SAWT BEIRUT INTERNATIONAL

| 25 April 2024, Thursday |

Senegal:Several French businesses targeted during anti-government protests

Scores of French-owned businesses across the Senegalese capital, Dakar, are still coming to terms with the devastation of smashed windows, broken liquor bottles and burned-out premises after days of nationwide anti-government protests in the West African country.

French supermarkets, petrol stations and mobile phone booths were torched and looted as largely peaceful protests against rampant inequality, government corruption and stringent coronavirus restrictions morphed into anger against the former colonial power.

The latest protests were sparked after the arrest of an outspoken opposition leader who had been accused of rape. Ousmane Sonko, who is popular with the country’s youth, has since been released on bail but the rape charges remain.

The French presence is an everyday reality for the Senegalese people, with French troops visibly garrisoned in the capital, which is also home to France’s largest embassy in sub-Saharan Africa. The country still uses the colonial-era CFA franc currency and retains French as an official language.

Some critics say this arrangement, known as “Franceafrique”, is at the root of anti-French discontent because it benefits France at the expense of Senegal, where nearly 40 per cent of the population lives in poverty.

Other observers point instead to the political rise of opposition figure 46-year-old Sonko, whose arrest en route to court on March 3 triggered the protests. Critics allege that his fiery rhetoric may have whipped up his young supporters into a frenzy of anti-French rage.

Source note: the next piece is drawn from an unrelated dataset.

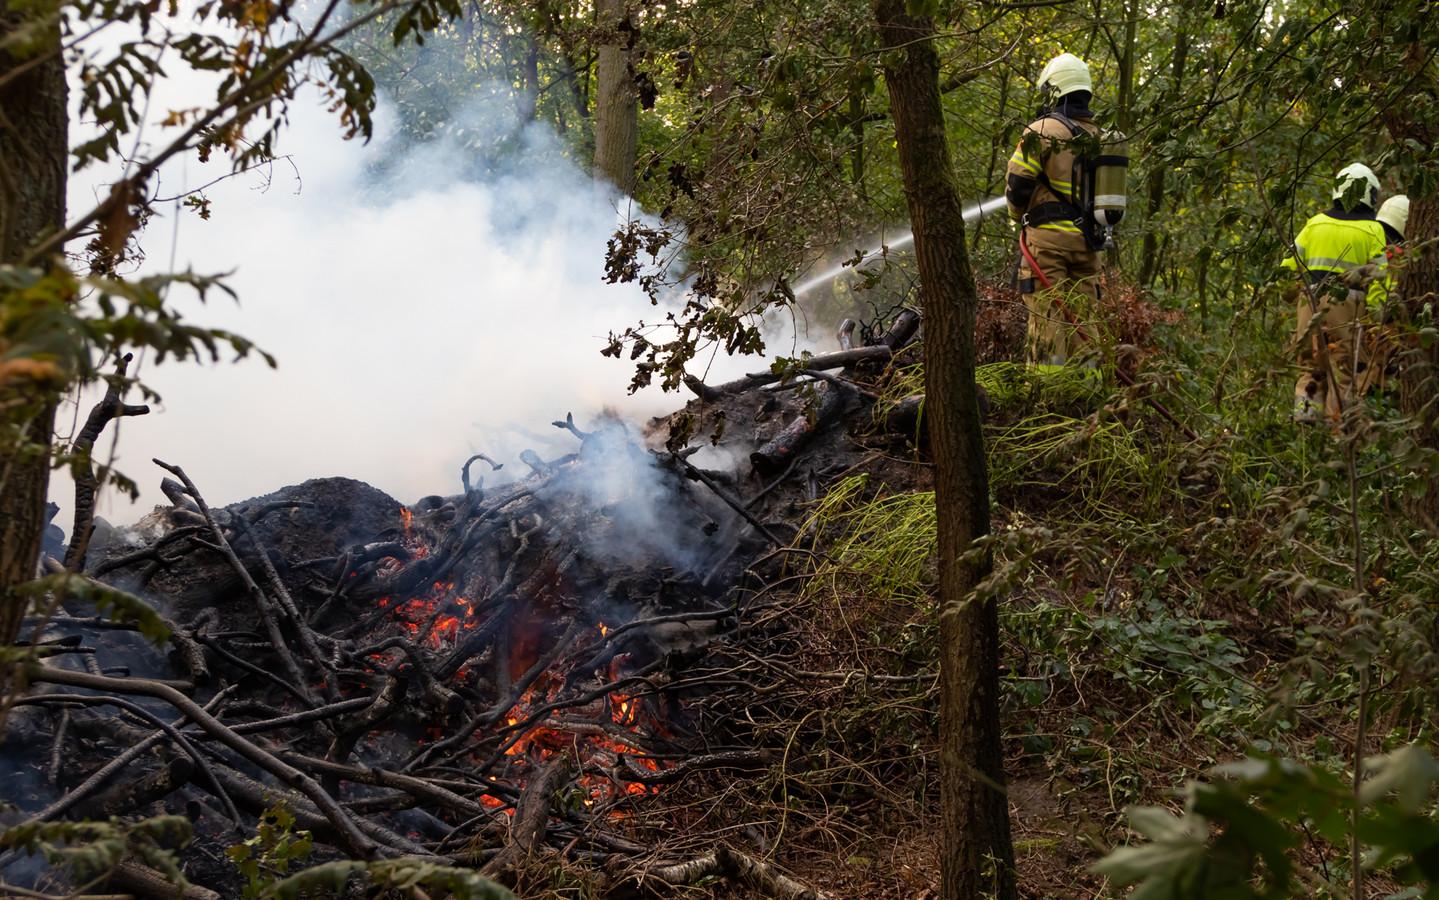 en groenstrook van snoeiafval stond woensdagavond rond 17.30 uur in brand aan de Boslaan in Vught.

French businesses targeted by protesters included TOTAL petrol stations, Orange mobile phone booths, Eiffage toll gates, and 21 Auchan supermarkets in Dakar, all part of a French sector that accounts for 25 percent of Senegalese gross domestic product (GDP).

France is the leading investor in Senegal and its number one trading partner.

Colonial resentments and suspicion of elite collusion with France have become heightened in recent years, as a younger generation enters the political fray faced with the stark inequality in the country.

Marame Gueye, Associate Professor of African and African Diaspora Literatures at East Carolina University, said an incendiary 2007 speech given by French President Nicolas Sarkozy at the Cheikh Anta Diop University in Dakar marked a turning point.